Write out nothing but the lines from the one containing "En este aspecto" through the last line below, both included, and without the pictures.
-- Recorded data follows --
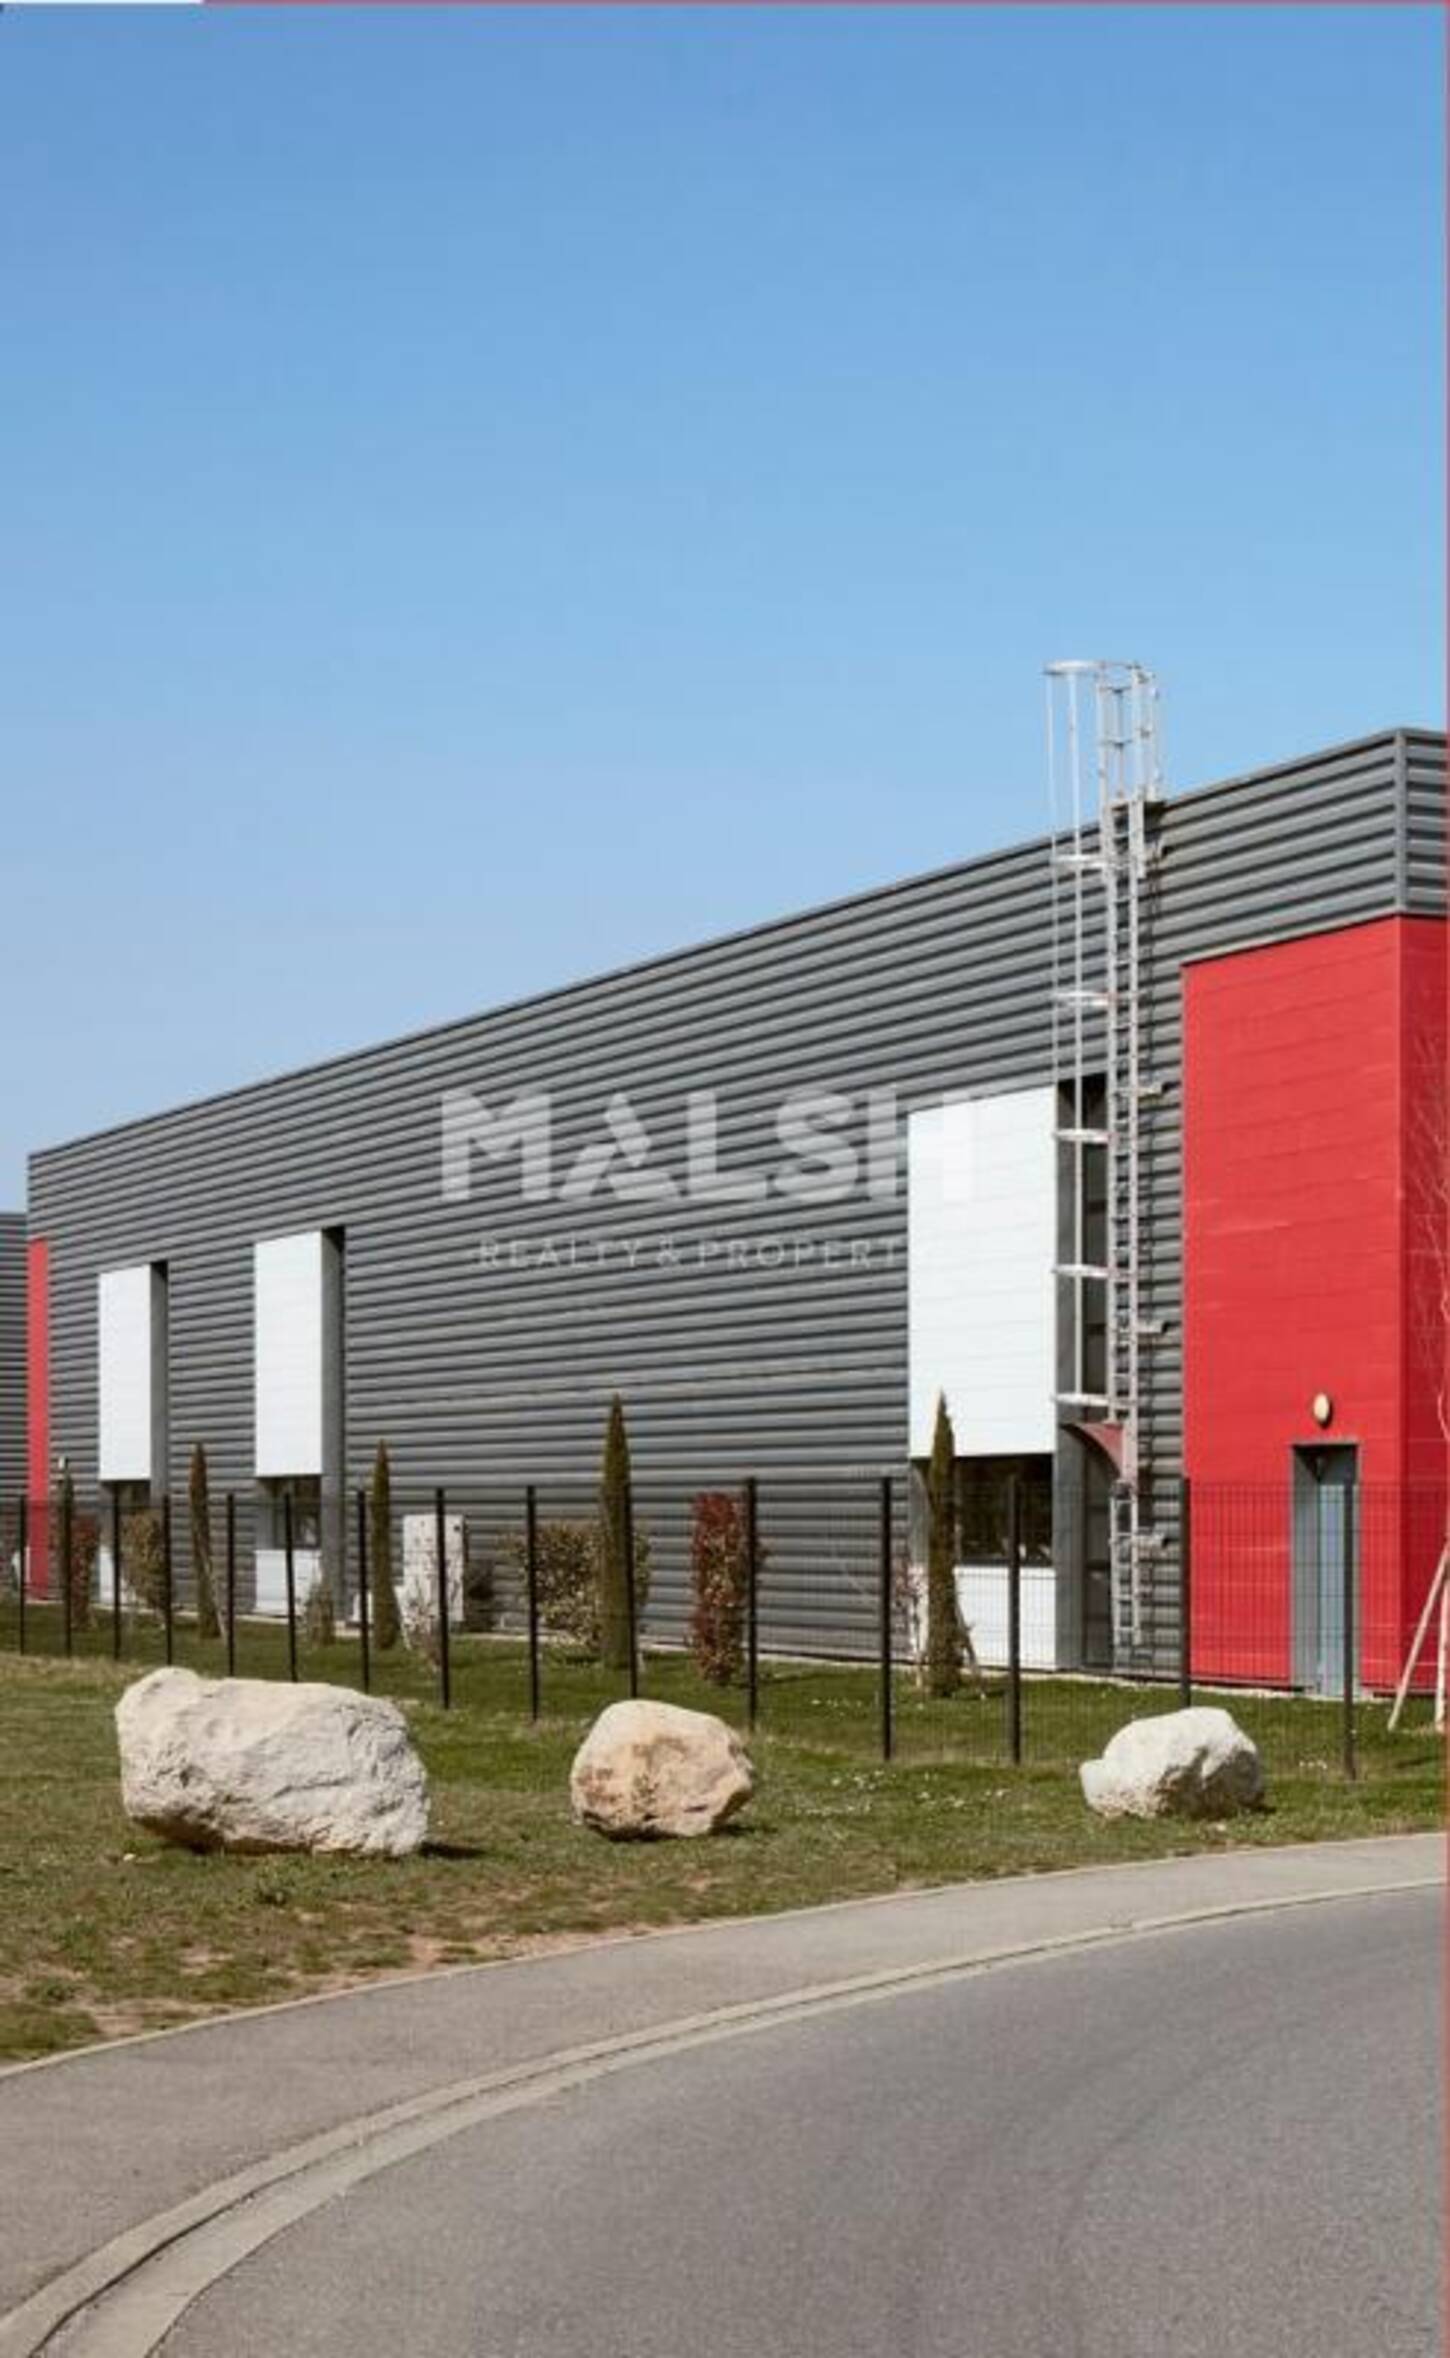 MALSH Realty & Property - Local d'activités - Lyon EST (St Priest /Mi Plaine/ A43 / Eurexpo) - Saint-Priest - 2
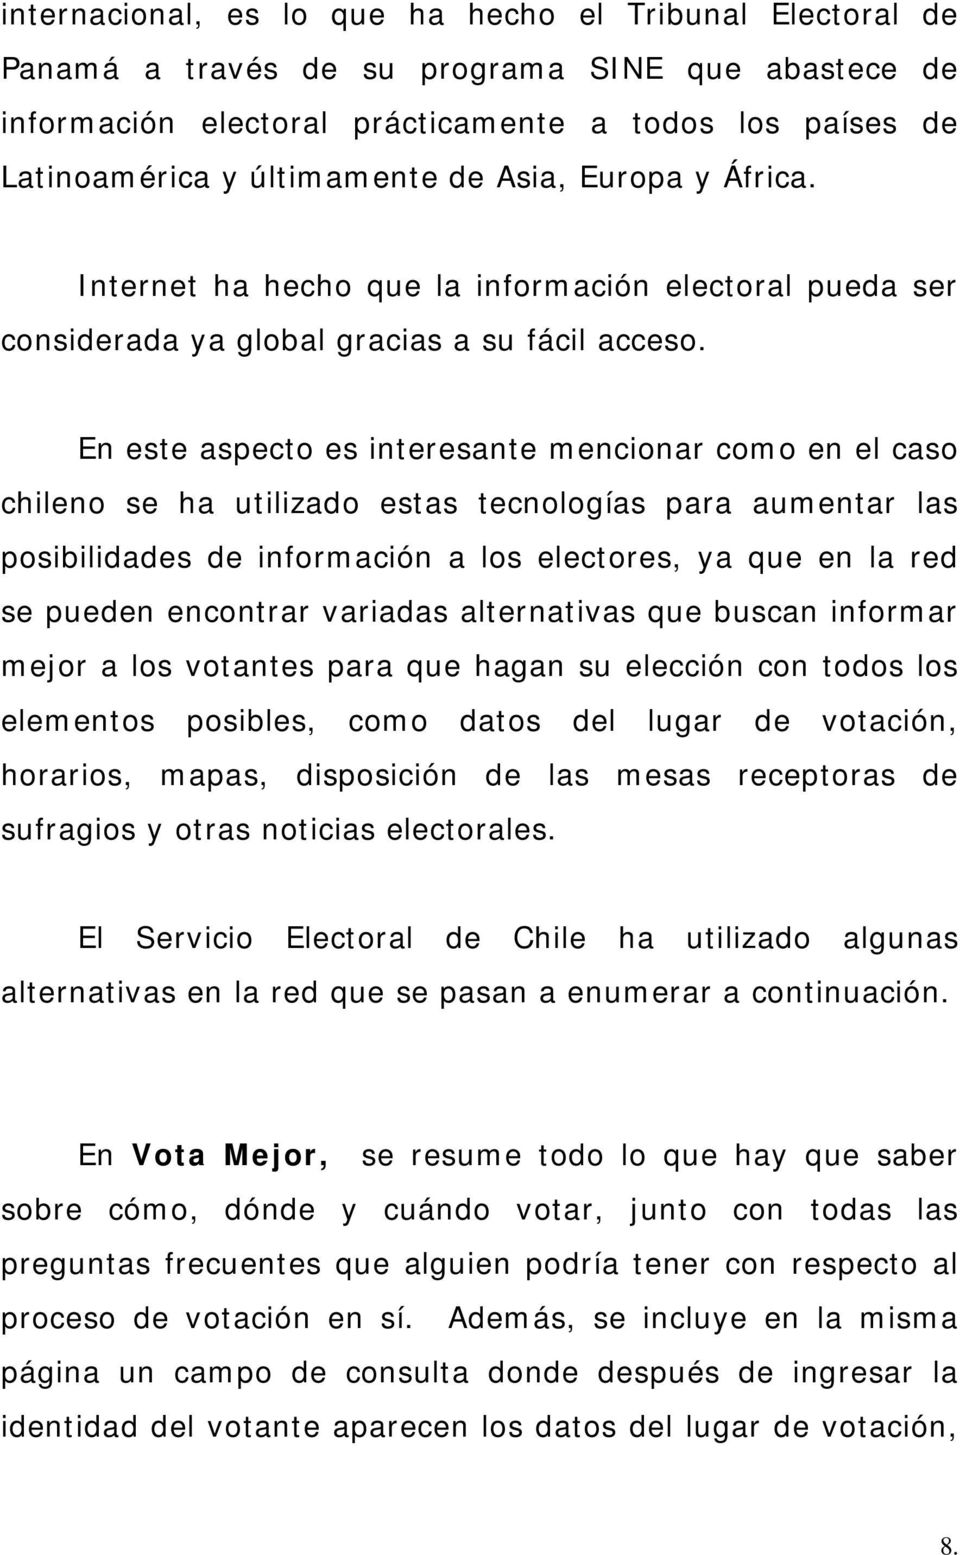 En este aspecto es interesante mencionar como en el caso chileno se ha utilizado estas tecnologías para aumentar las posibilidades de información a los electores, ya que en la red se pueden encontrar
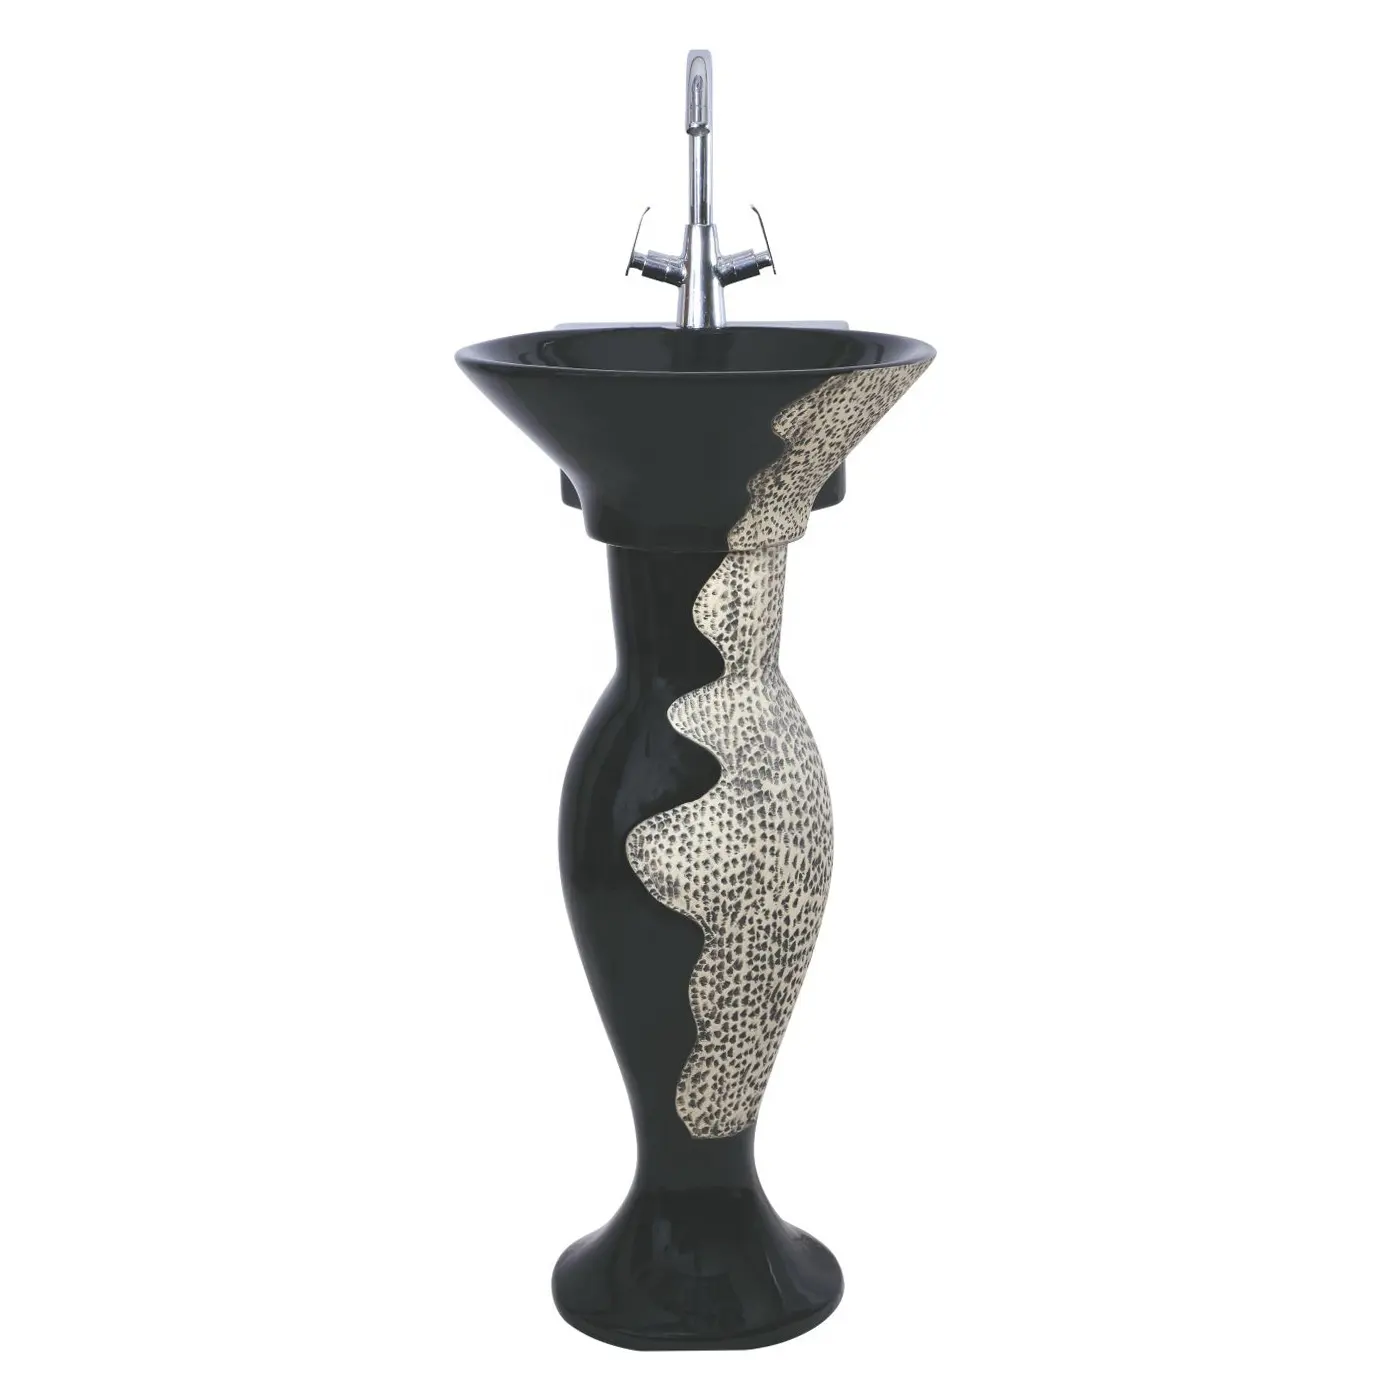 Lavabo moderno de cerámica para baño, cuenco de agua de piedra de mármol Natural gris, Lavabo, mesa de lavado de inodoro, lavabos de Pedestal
-- Recorded data concluded --
Reply:
 En este aspecto es interesante mencionar como en el caso chileno se ha utilizado estas tecnologías para aumentar las posibilidades de información a los electores, ya que en la red se pueden encontrar
 Lavabo moderno de cerámica para baño, cuenco de agua de piedra de mármol Natural gris, Lavabo, mesa de lavado de inodoro, lavabos de Pedestal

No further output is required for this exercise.